Direkt zum Hauptbereich

Persönlichkeitstests im Team – sinnvoll oder doch nur Schubladendenken?

Warum nervt mich das eigentlich so? Ständige Konflikte, endlose Diskussionen, keiner kommt voran. Oft liegt es nicht am Streit selbst, sondern an unseren Unterschieden. Genau das erlebe ich in meinen Projekten. Persönlichkeitstests machen das sichtbar.

Offen gesagt: Ich war lange skeptisch, was Persönlichkeitstests angeht. Für mich klang das immer nach Schubladendenken. Dieses typische: „Du bist halt der Analytiker“ oder „Du bist die Kreative“. Und ich mochte es nie, wenn Menschen so reduziert werden.


Ganz ehrlich: Brauchen wir unter erwachsenen Profis wirklich solche Tests? Müssten wir nicht eigentlich wissen, dass wir unterschiedlich sind – und, dass genau das ein Vorteil ist? Aber dann stand ich in einem Projekt vor einer Situation, in der ich wirklich ratlos war. Die Diskussionen drehten sich im Kreis, Konflikte häuften sich, und egal, was wir probierten – es wurde nicht besser. Also dachte ich: Okay, probieren wir’s doch mal.

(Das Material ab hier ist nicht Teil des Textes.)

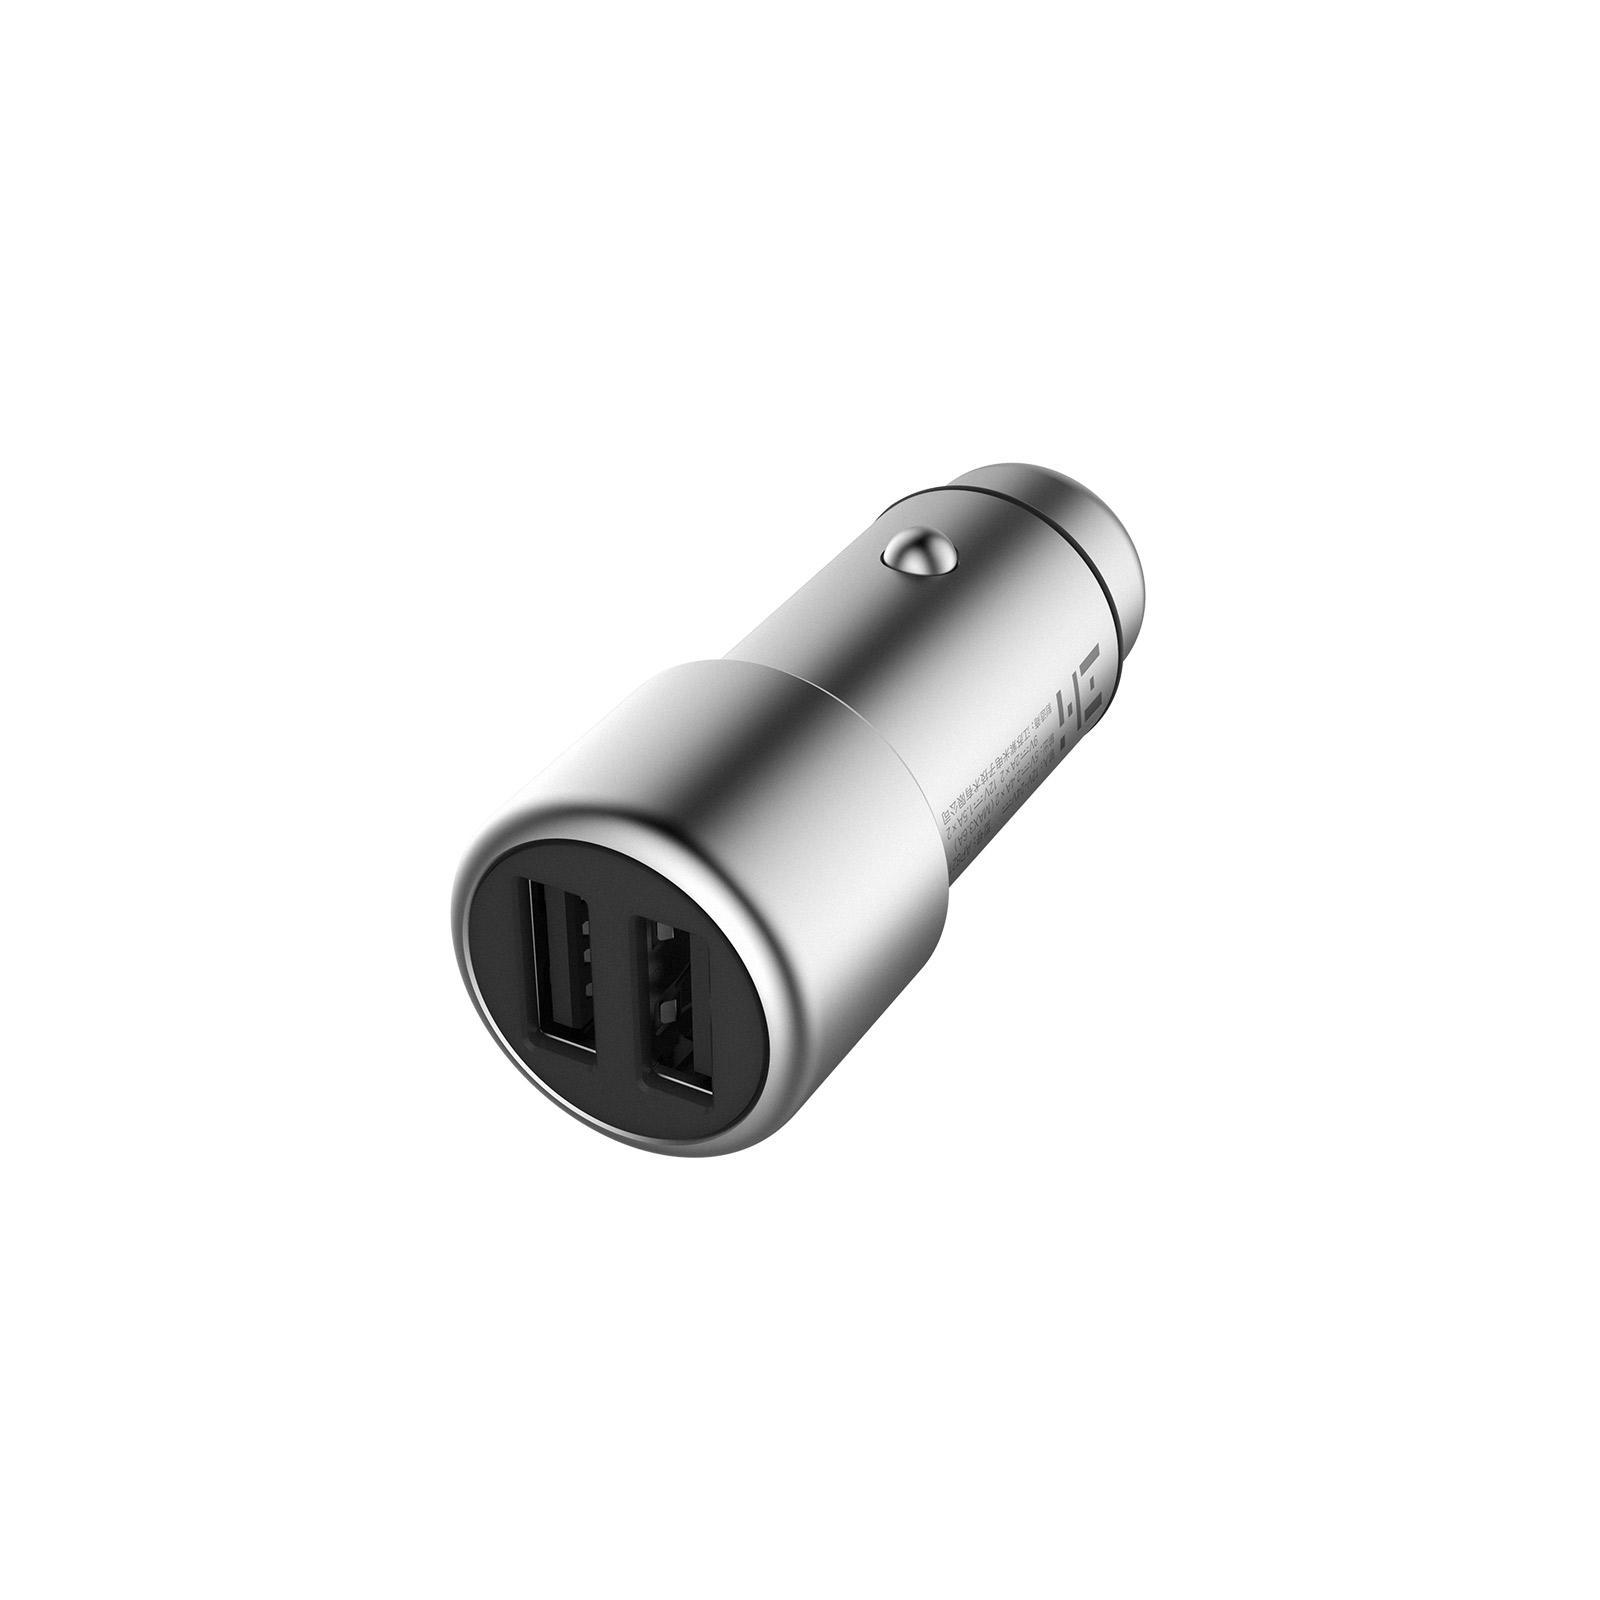 Зарядное устройство ZMI Car Charger Quick Charge 3.0 Silver (AP821) изображение 3

Wir arbeiteten mit INSIGHTS MDI® – und was soll ich sagen? Es war, als würde plötzlich jemand das Licht anmachen. Plötzlich ergab alles Sinn. Plötzlich hatten die Konflikte Namen. Der Kollege, der immer sofort loslegen wollte, war der „rote Typ“: zielstrebig, ergebnisorientiert. Die Kollegin, die jedes Detail zehnmal prüfen wollte, war „blau“: analytisch, faktenbasiert. Die, die nie wollte, dass jemand verletzt wird – „grün“: harmoniebedürftig, teamorientiert. Und dann gab’s noch den „gelben Typ“: kreativ, immer voller neuer Ideen, aber manchmal chaotisch.

Das Aha-Erlebnis im Team

Ich erinnere mich noch an einen Moment, der alles verändert hat. Wir hatten eine hitzige Diskussion, weil die einen sofort entscheiden wollten und die anderen „bisher nicht genug Daten“ hatten.

Normalerweise wäre das in Streit ausgeartet. Aber diesmal hat einer gelacht und gesagt: „Okay, das ist jetzt wieder unser roter Blitz gegen unsere blaue Sicherheit.“

Alle mussten lachen – und auf einmal war die Spannung raus. Wir hatten verstanden: Es geht nicht darum, dass einer recht hat. Es geht darum, dass wir unterschiedlich ticken.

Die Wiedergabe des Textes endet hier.